One of two high school students accused of plotting an attack on a Jacksonville private school campus reportedly used the dark web to research how to make a bomb. The two boys, who have since been expelled from the school, were caught up in a heated argument that resulted in a fight ending with both being hospitalized. After the fight, the school authorities looked into the teens’ earlier activities to learn what had caused the quarrel. The administration’s investigations resulted in the discovery of past conversations between the boys that indicated they had intentions of creating violence on the school campus.
17 year old Grant Shirley from Port St. Lucie and 15 year old Matthew Guey from Huston were resident students at the San Jose Campus of the Bolles School. Shirley and Guey were very close friends and were always spotted together in the school environs. On the night of the 18th of February, the two friends got into a fight that resulted in their hospitalization in the River Point Hospital. After the fight, the school administration engaged the school’s security personnel in an inquest dedicated to learning what caused the argument between the two close friends. During the investigation, the school’s security personnel came across the pair’s past conversations which indicated they planned an act of violence against the school.
In response to the discovery, the school’s administration immediately expelled the boys from the school and reported the matter to the Jacksonville Sheriff’s Office. The teens were first taken to a mental health facility. After being taken from the mental health facility, the teens were then placed under police custody in the Jacksonville Sheriff’s Office on the 19th of February. After Shirley’s and Guey’s incarceration, investigators with the Sheriff’s Office carried out further investigations against the teen’s plot and, with the help of the school’s security personnel, searched for any weapons that the boys may have had in their possession hidden in the school’s premises.
On the 25th of February, the pair was presented in the juvenile court and charged with conspiracy to create, possess, situate or release a destructive device. The prosecution disclosed to the court that further investigations into the teen’s plot had led to the discovery that one of them had been visiting dark web sites and researching how to make napalm bombs. Napalm bombs were prepared by mixing a gelling agent with gasoline and could easily burn down structures and cause fatal burns on victims. The prosecution did not disclose neither the boy who carried out the research nor the dark web sites visited in the course of the research. After the hearing, Judge Suzanne Bass released the pair under the Juvenile Detention Alternatives Initiative. The teens will be placed under twenty-four hour supervision by their parents coupled with constant monitoring by the local LE. Shirley and Guey will also not be allowed into any campus or event of the Bolles School.
Following the boy’s release, the school’s headteacher, Tyler Hodges, addressed the parents through a letter that disclosed no weapons were found in any of the school’s campuses by either its security personnel or the sheriff’s office investigators.
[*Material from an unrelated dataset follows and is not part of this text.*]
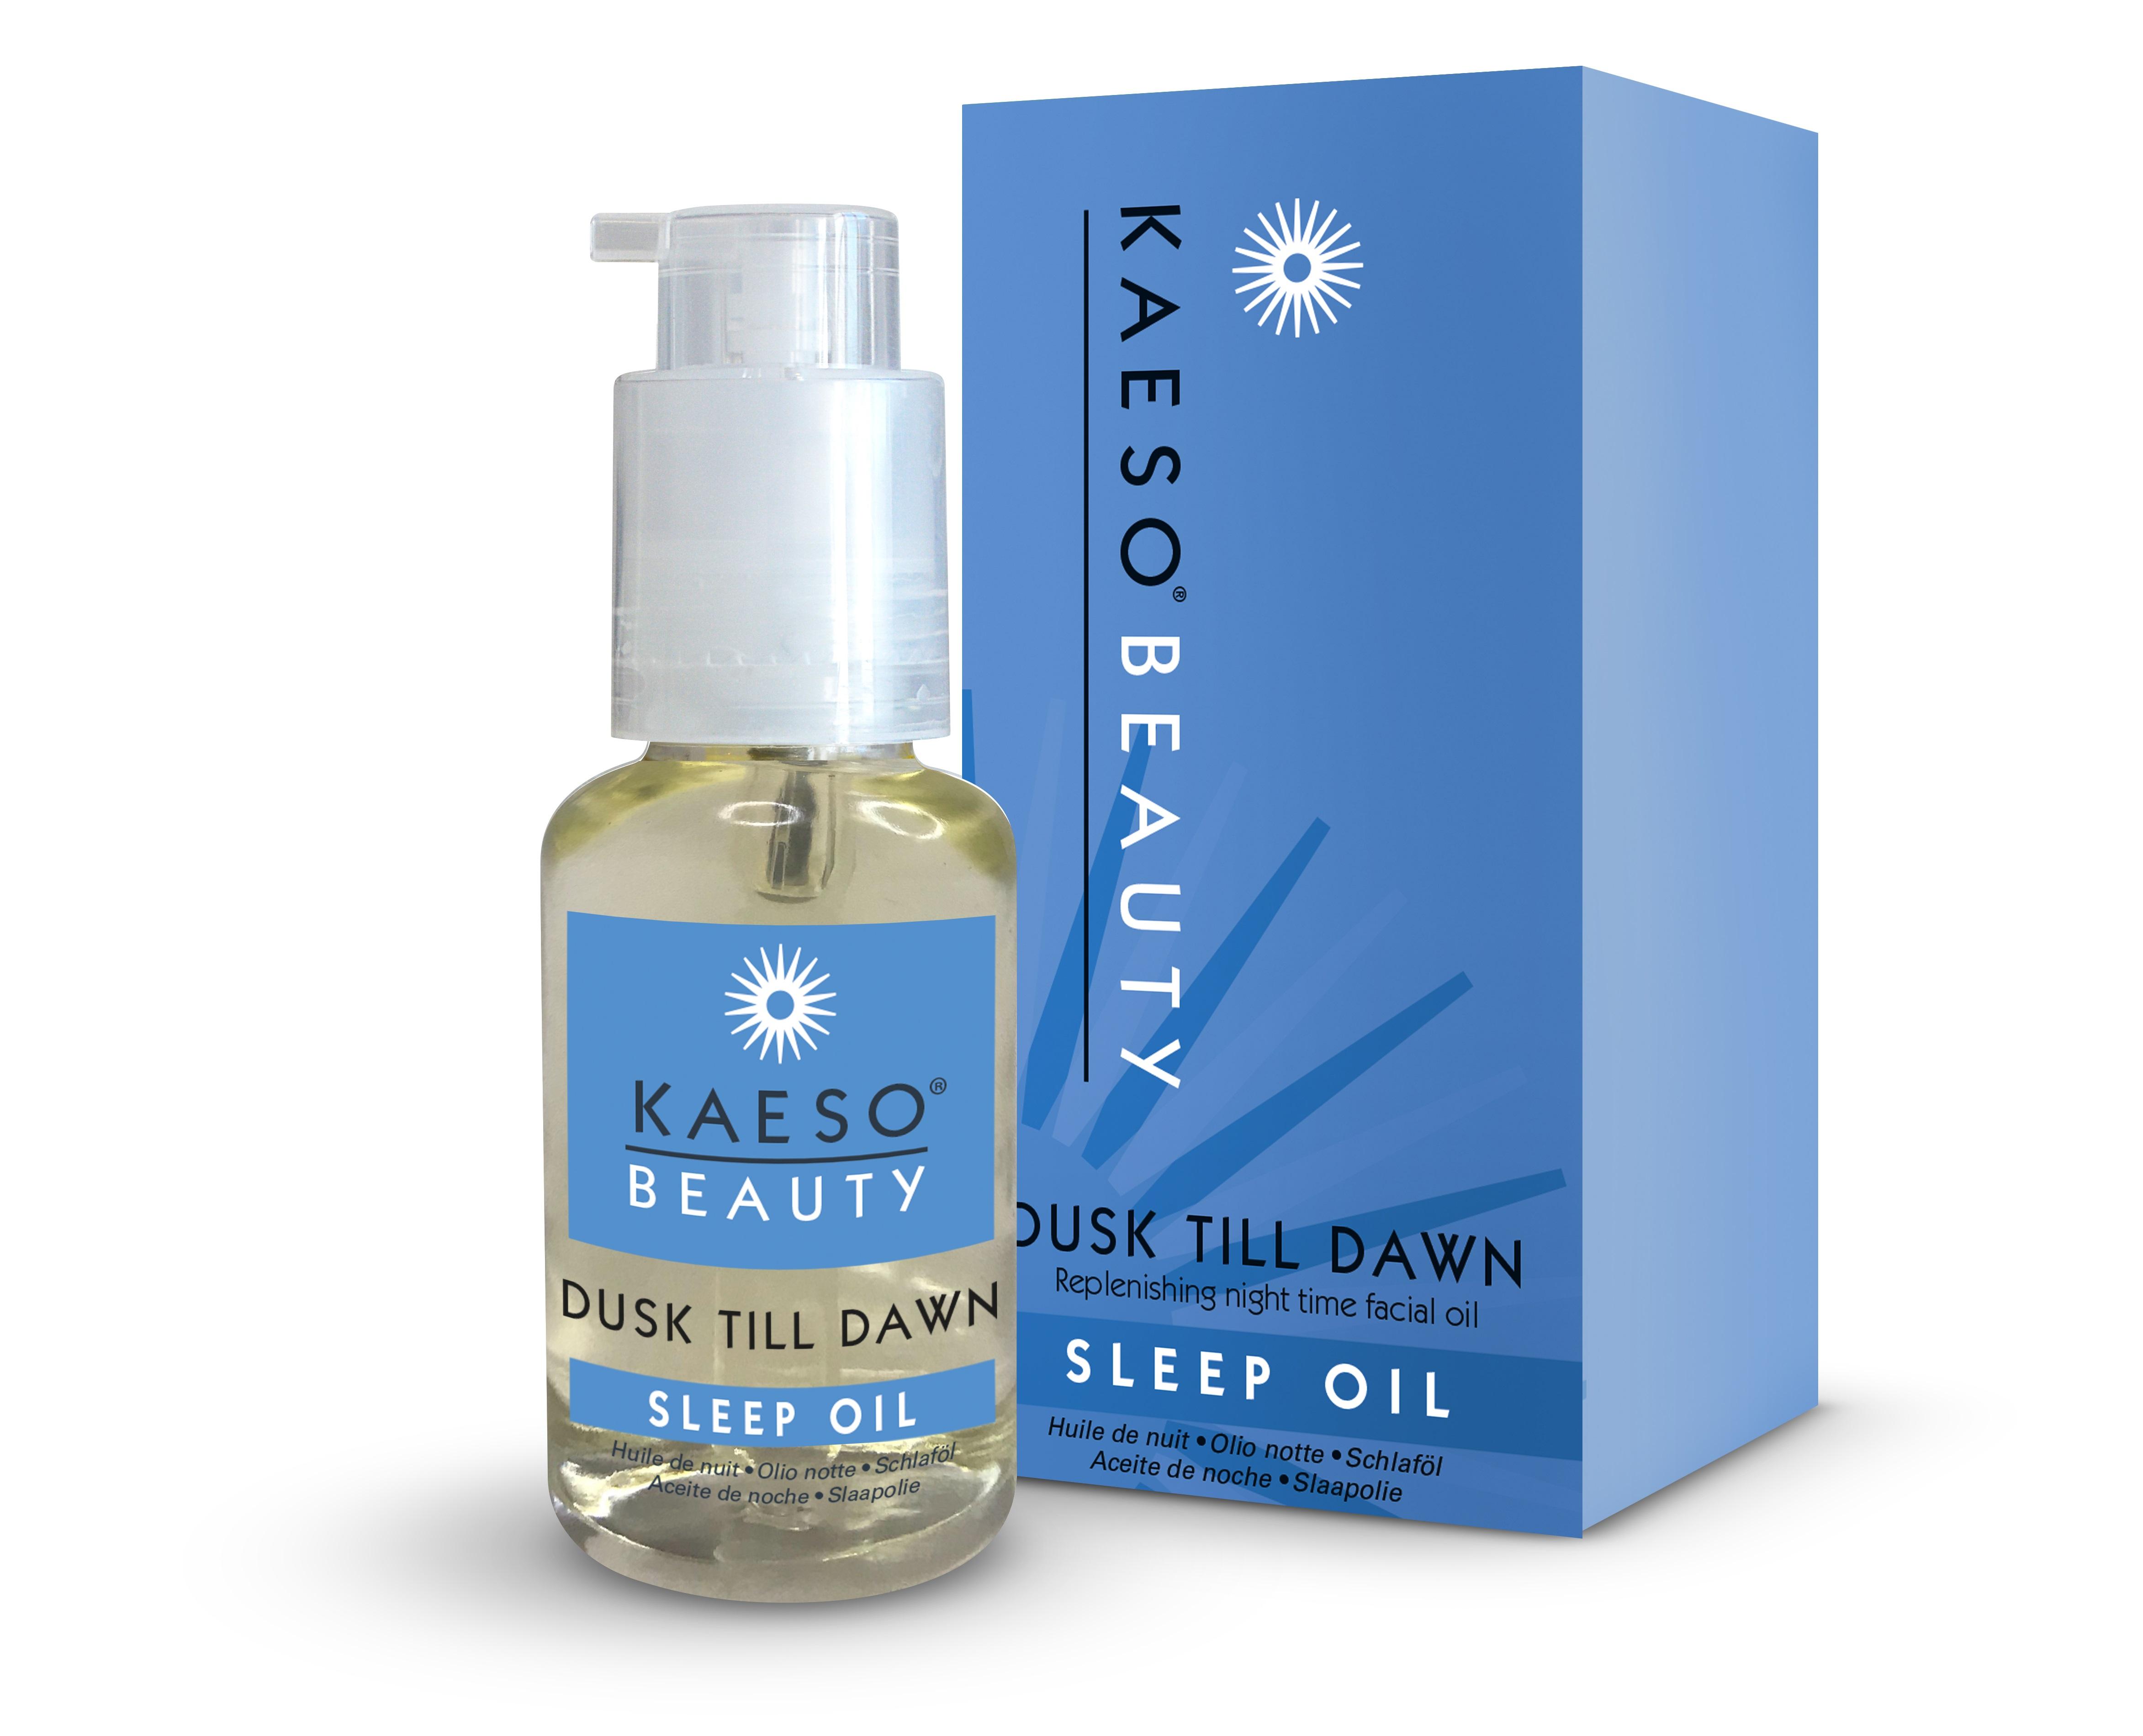 Kaeso Dusk Till Dawn Sleep Oil

Hodge also assured the parents that the school’s security personnel would work hand in hand with LE to ensure the school is secure.
Shirley’s and Guey’s intent to use the dark web to cause harm to others can be easily compared to that of 18-years-old Ali David Sonboly who acquired a gun and ammunition through the dark web and used it to carry out the Munich shooting in 2016. Sonboly used bitcoin to purchase a Glock 17 hand gun and 350 rounds of ammunition from a dark web weapons vendor. Days after acquiring the weapons Sonboly went on a shooting spree killed nine people and injured 16 others before killing himself.